Но тут разговор пришлось прекратить, потому что в класс вошла Тамара Степановна и стала рассказывать про мифы древней Греции.
Потом была арифметика. Игнатий Игнатьевич, стуча мелом, выводил на доске цифры. При этом он то и дело вытирал руки тряпкой и говорил: «Итак». Это было его любимое словечко.
Потом был урок рисования. Абросим Кузьмич вынул из одного кармана, точно фокусник, яблоко, из другого — грушу, из третьего — блюдечко и, улыбаясь, сказал:
— Кто лучше всех нарисует, тому эти плоды пойдут в виде премии.
Потом был русский язык. Ксения Григорьевна рассказывала про лётчика Мересьева, который восемнадцать дней, тяжело раненный, брёл по зимнему лесу.
Следующей была география. Кира Петровна вошла в класс сразу после звонка. Сейчас она была не в белом свитере и белой юбке, а в своём обычном темносинем костюме.
В одной руке она несла журнал и картину «Ключевская сопка», а в другой — «вулкан». Вернее — половинку «вулкана». Её сделали из папье-маше семиклассники для младших классов.

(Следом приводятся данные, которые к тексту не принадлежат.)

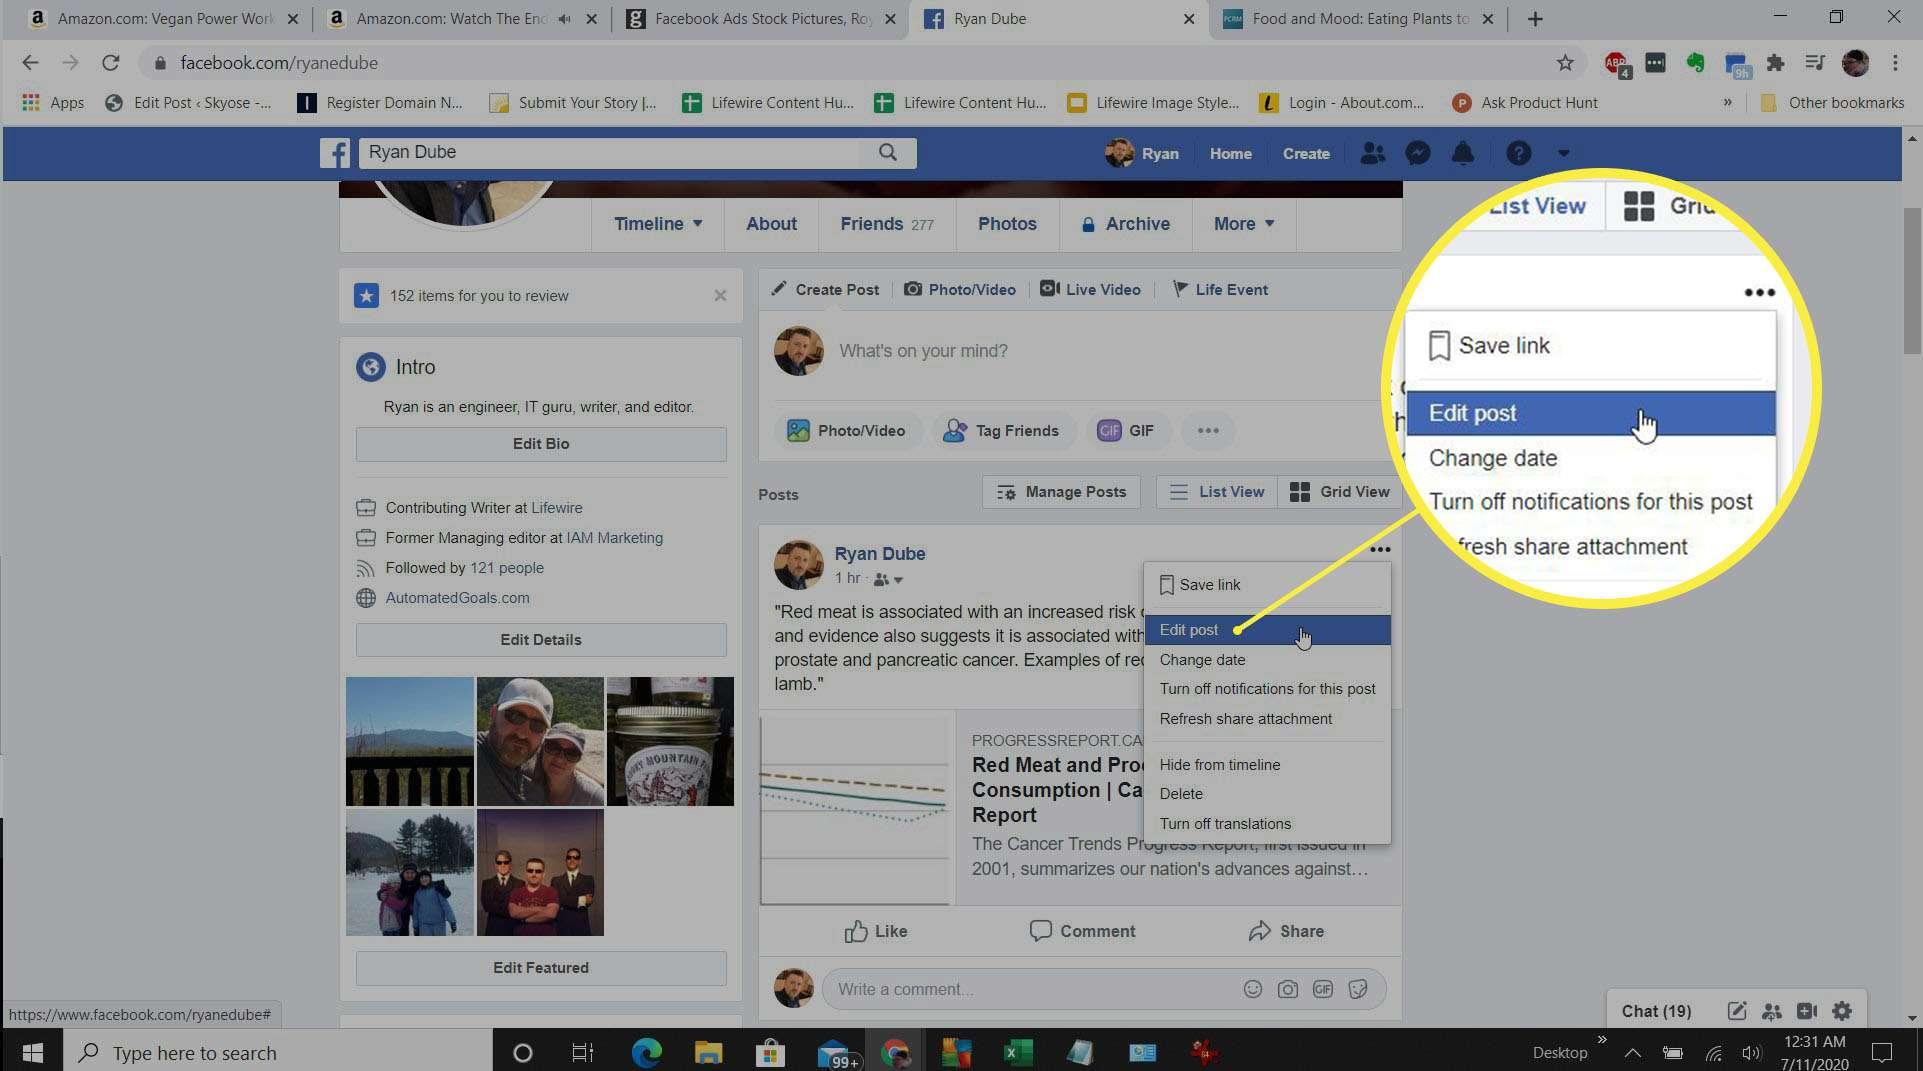 Screenshot of editing a post on Facebook.

Кира Петровна поздоровалась с ребятами, поставила «вулкан» на столик и принялась прикреплять кнопками «Ключевскую сопку» к доске.
Вдруг Петя привстал и громко, на весь класс, спросил:
— Кира Петровна, а вы вчера ещё долго были на катке?

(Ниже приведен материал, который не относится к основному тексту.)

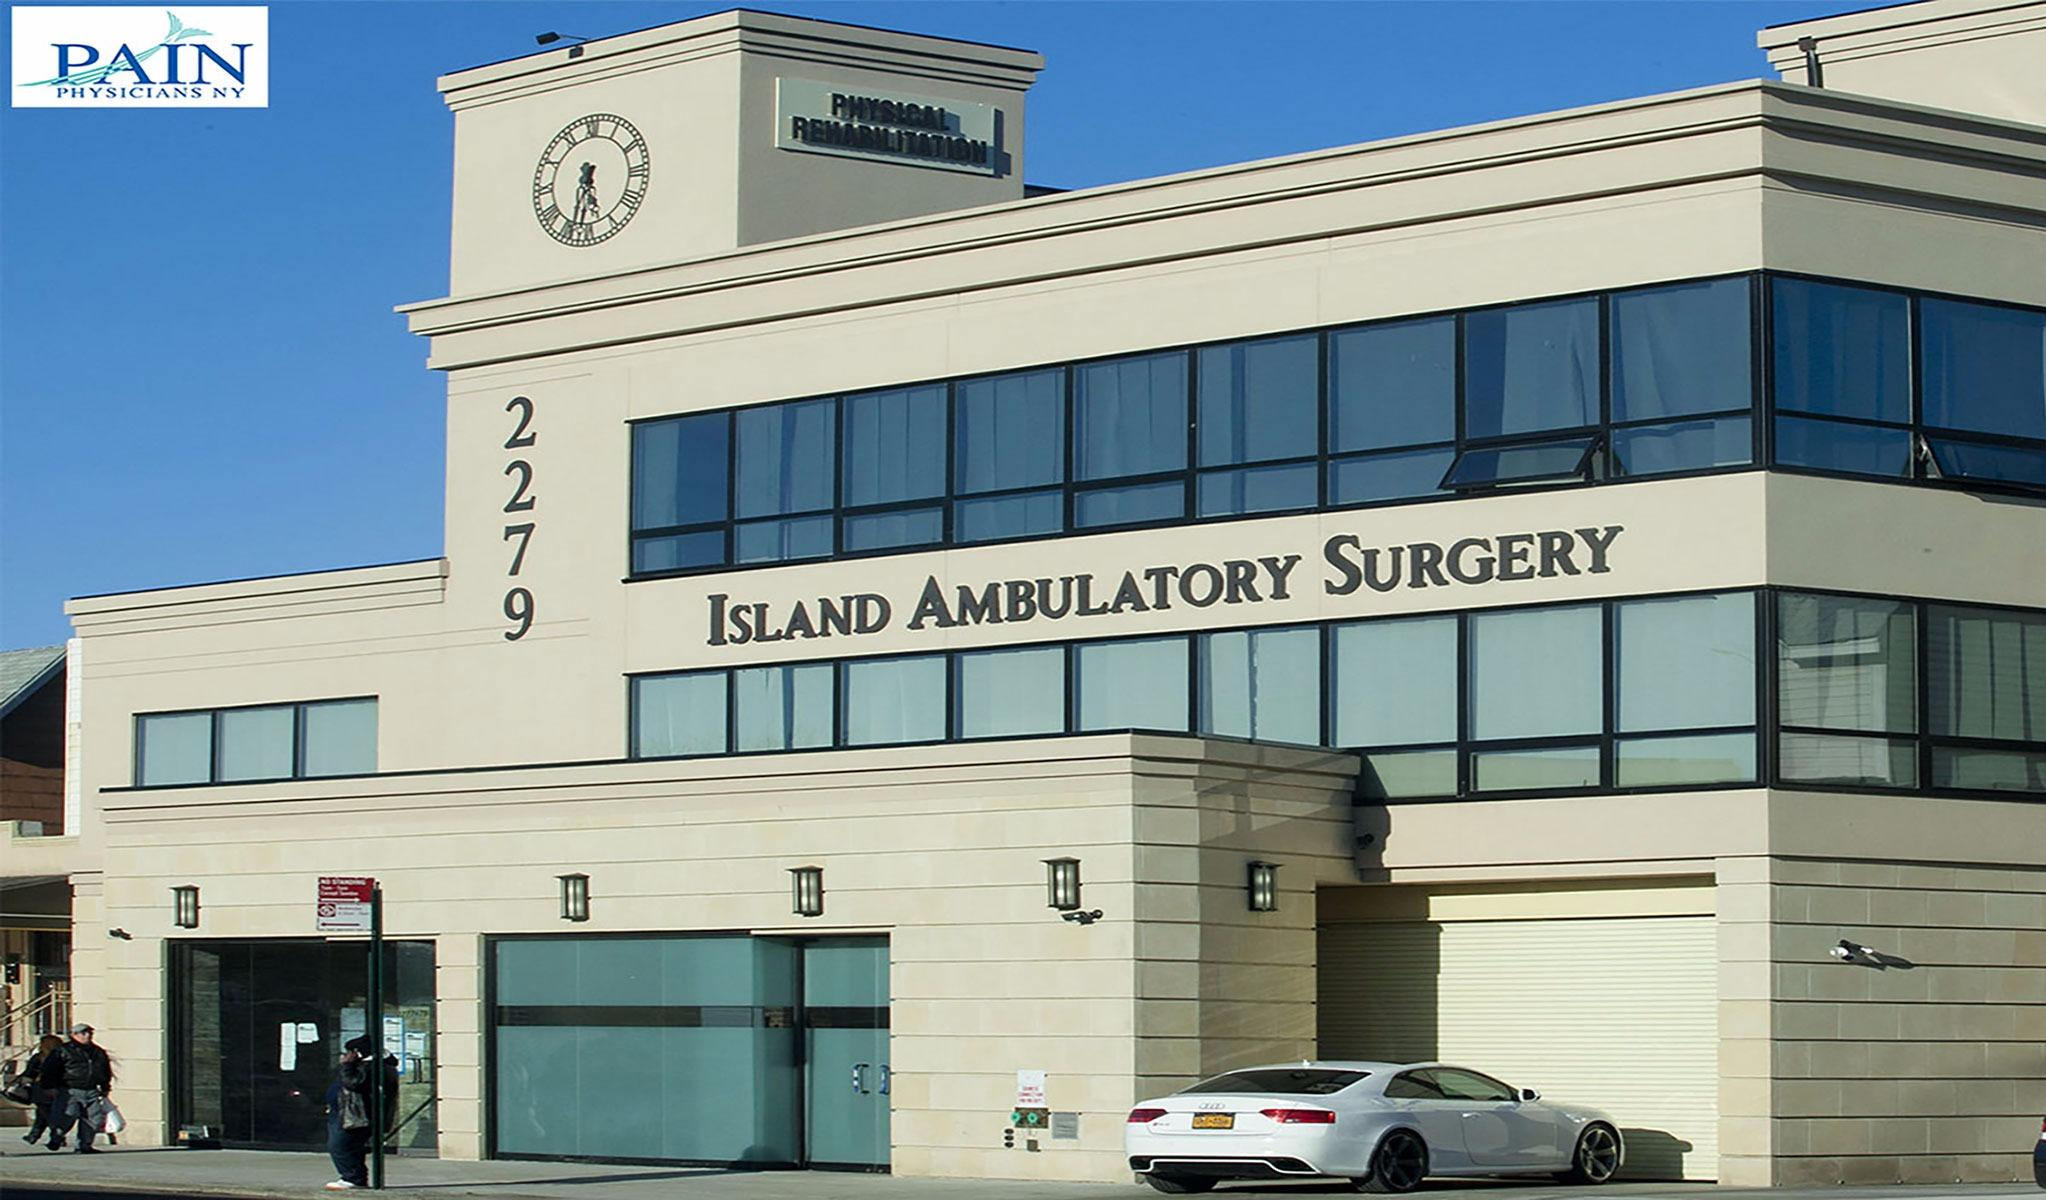 pain physicians ny 2279 coney island ave brooklyn ny. Black Bedroom Furniture Sets. Home Design Ideas

Кира Петровна, не оборачиваясь, сказала:
— Нет, Ерошин, недолго.
— А мы ещё долго катались, Кира Петровна! А лёд вчера был очень хороший — правда, Кира Петровна?

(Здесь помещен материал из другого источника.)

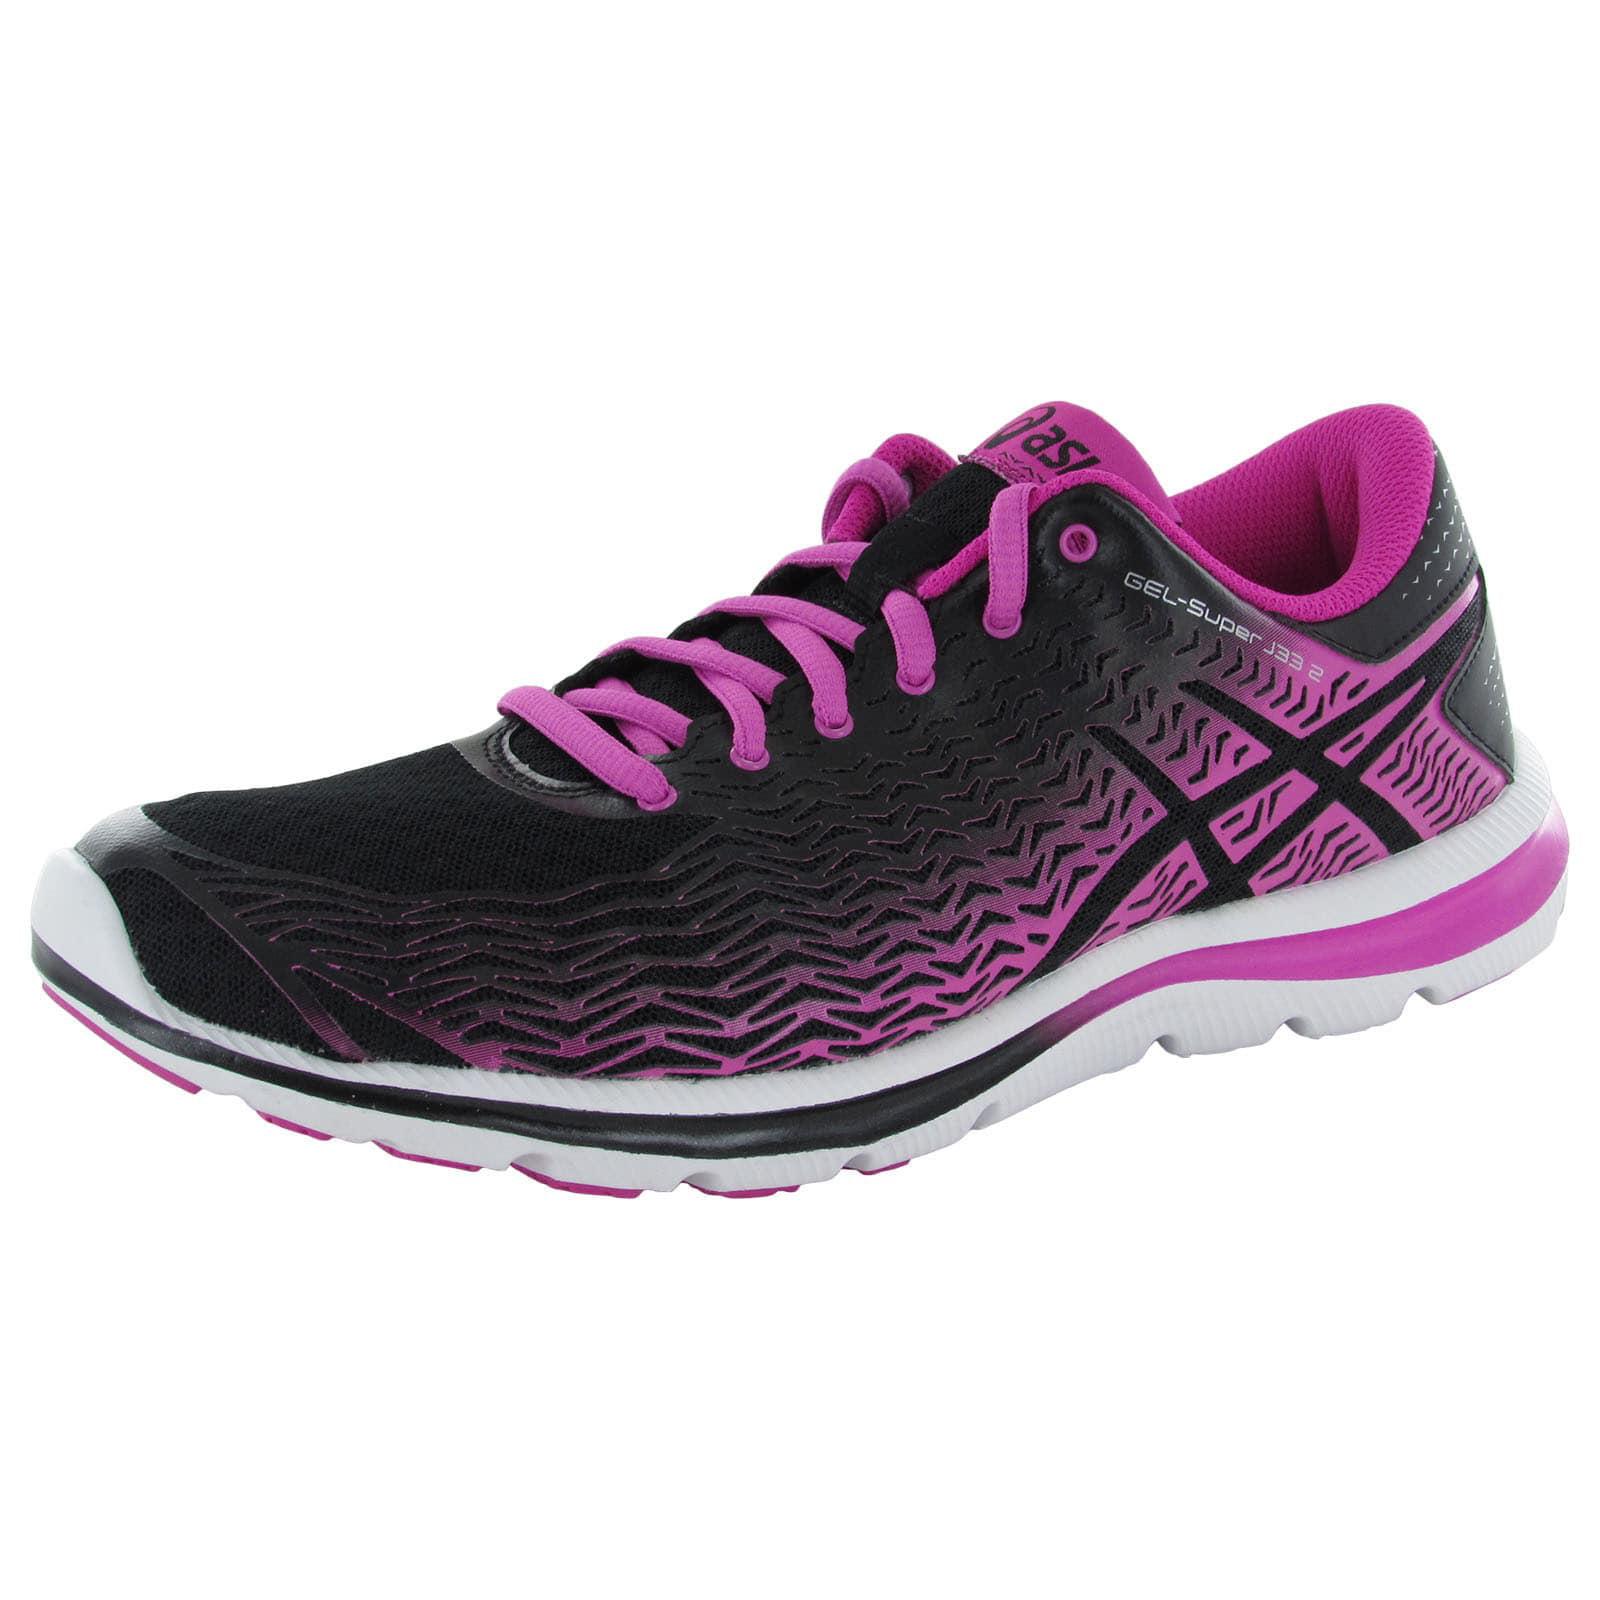 ASICS asics women's gel super j33 2 w running shoe, blackpink glowsilver, 9 m us

Кира Петровна вдавила в доску последнюю, четвёртую кнопку и сказала:
— Да, лёд был замечательный.
Она посмотрела, ровно ли висит картина, подошла к столу и взяла «вулкан»:
— Ну-с, мальчики, будем заниматься. Сегодня мы с вами заглянем в недра Земли.
Петя смотрел на Киру Петровну и сам на себя удивлялся. Почему ему всегда казалось, что Кира Петровна строгая? Ведь она на самом деле очень добрая.
Он никак не мог забыть, как они вчера танцевали, как поблёскивали на белой шапочке голубые искорки.
— В центре Земли, —
Петя слушал, слушал, потом соскучился. Шёл шестой урок. Все порядком устали. Устала, видно, и сама учительница.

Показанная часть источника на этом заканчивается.